The main challenge is basically to ensure that RDF 1.2 works with
"atomic updates of a graph with quotes", which proper graph terms
should be able to support. That can be "unstarred" for RDF 1.1 systems
to *either* just blank nodes (unless too brittle), *or* through an
unstar mechanism for RDF 1.1 systems using "specially named graphs'',
reminiscent of skolemized bnodes, but comprised of the unique triple
set signature. (I outlined a recipe for that in
<https://github.com/w3c/rdf-ucr/issues/19#issuecomment-1704211540>. I
think Pierre-Antoine's rdf:tokenOf works with this (I was going for
:entails in my recent text), and a link using that may be manifested
in "quote occurrences".)

To stay within the serialization and storage confines of quads, graph
terms can be "reference-counted constants" (which as per above can be
*implemented* as specially named graphs which are removed when nothing
speaks about them). I need to think about how this relates to Andy's
proposal for making both the "tokens" and "types" accessible over the
web.

> Maybe it is easier to define the semantics of singleton named graphs, and then go that path, but I am not convinced here.

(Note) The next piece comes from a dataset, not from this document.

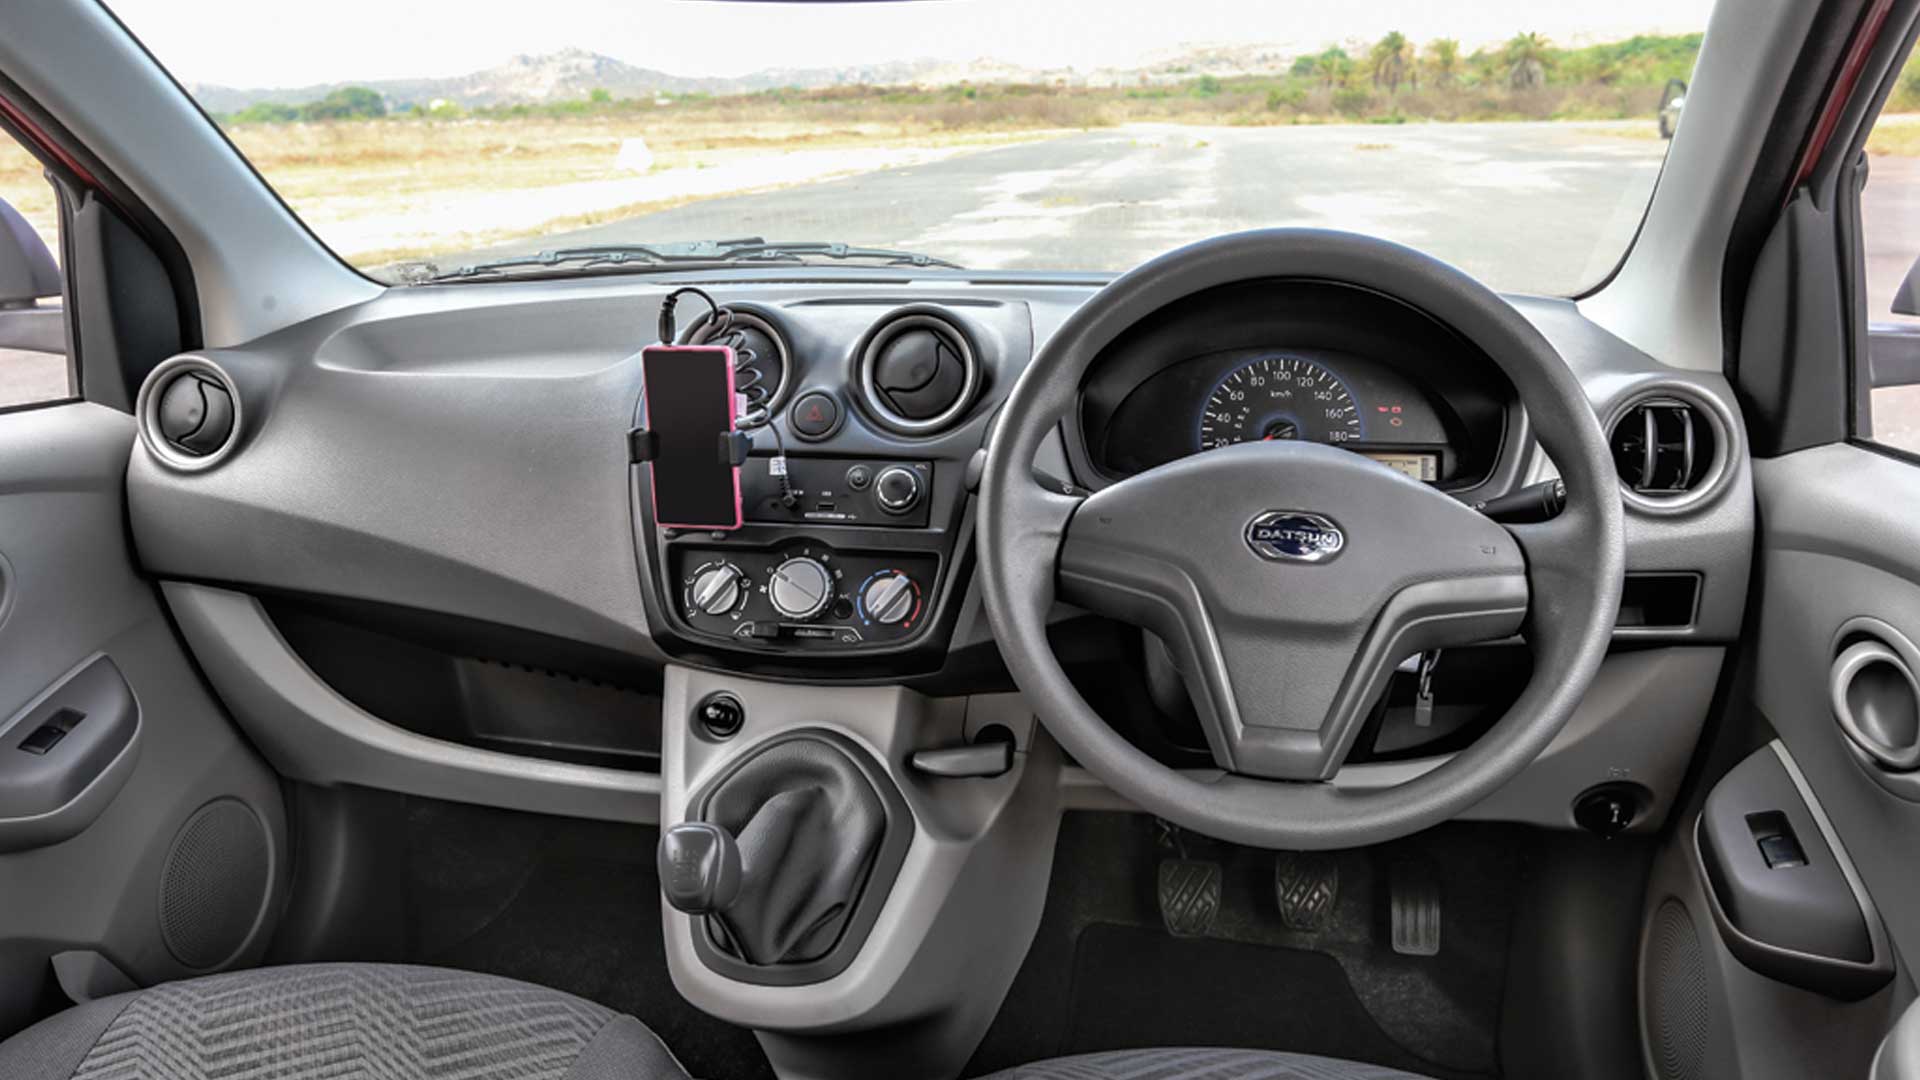 Datsun Go 2014 A Interior Car Photos Overdrive

I doubt that too. It *may* be simpler to add concrete syntax for
"singleton graphs" though, since making constant terms for them is
easier (implementation-wise) without relying on full RDF C14N. Once
that is a stable Rec, a future RDF spec could build on that for full
graph quotation support.

> Depending where we go, I could even imagine to align with N3, but in N3 we partly need the opacity because we have built-in functions acting on syntactical graph representations, but even there we could try to find a work around if we really want to go that path.

I think this could be done, at least in part. Full support for "just"
graph terms may be feasible, in 1.2 or in 1.3. And opacity may be a
matter of dataset semantics controlled by symbols (e.g. types), as I
speculated upon in my text. So instead of TEPs (being something
separate just for quoted triples) this kind of behaviour could be
defined for RDF datasets rather than being left to the "whim" of
different implementations with different controls thereof. (I'm not
personally convinced of all of N3 as RDF, as I'm unsure about
variables in RDF proper. But that is certainly beyond this WG, and
requires much more consideration.)

> So, as a summary: while I disagree with some of the details — I think for example that two occurrences of graph terms <<:s :p :o>> should have the same meaning and I do not follow Enrico’s argument that this is just like modal logic here because in modal logic we deal with logical operators while we only have predicates here, but I am looking forward to the discussion and Enrico convincing me of the opposite and I see how this could be done via named graphs

I do agree that <<<s> :p <o>>> appears as a unique triple identity,
which is what I think is the "mathematical" point of view (making for
a wholesome abstract syntax, just as IRIs are references, not "proper
names", and literals denote themselves). I just can't see which
use-cases *need* to speak directly about them (to me they can be "in
the background").

> — I do agree that we should decide now whether we dare to go broader (and I see that Thomas gives a clear: yes? :) ).

I think RDF-star inadvertently has gone broader simply by introducing
"quotation", rather than just making simple syntax for reification. I
think that is powerful, but, evidently, more work to get right.

> I also think that we should take the decision to go or not to go for named graphs/N3 before discussing the details (which is difficult, because I can tell that we all enjoy detail discussions).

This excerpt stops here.